Personal information
- Born: 15 October 1934 Zurich, Switzerland
- Died: 12 May 2001 (aged 66) Zurich, Switzerland

Team information
- Discipline: Track
- Role: Rider

Professional teams
- 1955–1957: Allegro
- 1958–1960: Mondia
- 1961–1966: Ignis
- 1967–1969: Zimba
- 1970: G.B.C.–Zimba
- 1971–1972: Biofin

= Fritz Pfenninger =

Swiss cyclist (1934–2001)

Fritz Pfenninger (15 October 1934 – 12 May 2001) was a Swiss cyclist.

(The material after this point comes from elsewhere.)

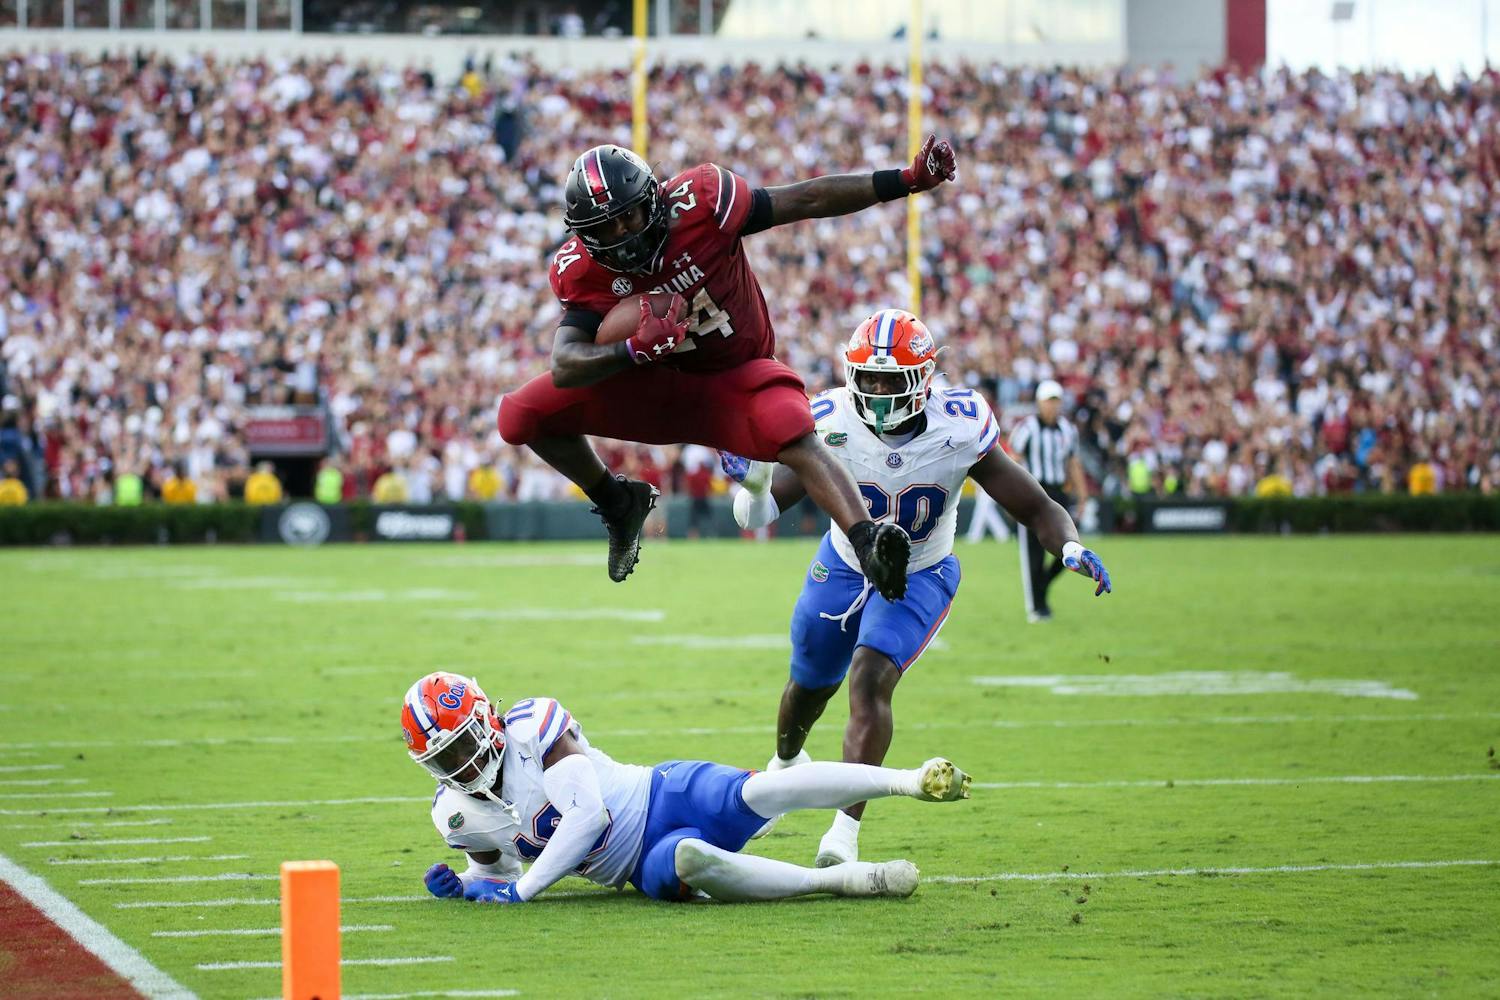 Redshirt senior running back Mario Anderson hurdles over defender during South Carolina’s game against Florida on Oct. 14, 2023, at Williams-Brice Stadium. Anderson rushed for 98 yards on 20 carries as the Gamecocks fell 41-39.

He was a specialist in six-day racing, winning a total of 33 events between 1956 and 1970, including 19 with Peter Post.

== Track honours ==
=== Six-day racing ===
- 1956 : Aarhus (with Oscar Plattner)
- 1957 : Copenhagen (with Jean Roth)
- 1958 : Münster, Zurich (with Jean Roth)
- 1960 : Münster (with Hans Junkermann)
- 1961 : Berlin, Frankfurt (with Klaus Bugdahl)
- 1962 : Essen, Frankfurt, Zurich (with Klaus Bugdahl)
- 1963 : Cologne, Zurich, Brussels (with Peter Post)
- 1964 : Dortmund (with Rudi Altig), Anvers (with Noël Foré and Peter Post), Berlin, Brussels, Zurich (with Peter Post)
- 1965 : Berlin, Dortmund, Zurich (with Peter Post)
- 1966 : Essen, Ghent, Amsterdam (with Peter Post), Anvers (with Jan Janssen and Peter Post), Quebec (with Sigi Renz)
- 1967 : Bremen, Essen, Frankfurt (with Peter Post), Anvers (with Jan Janssen and Peter Post)
- 1968 : Montreal (with Louis Pfenninger), Zurich (with Klaus Bugdahl)
- 1970 : Zurich (with Peter Post and Erich Spahn)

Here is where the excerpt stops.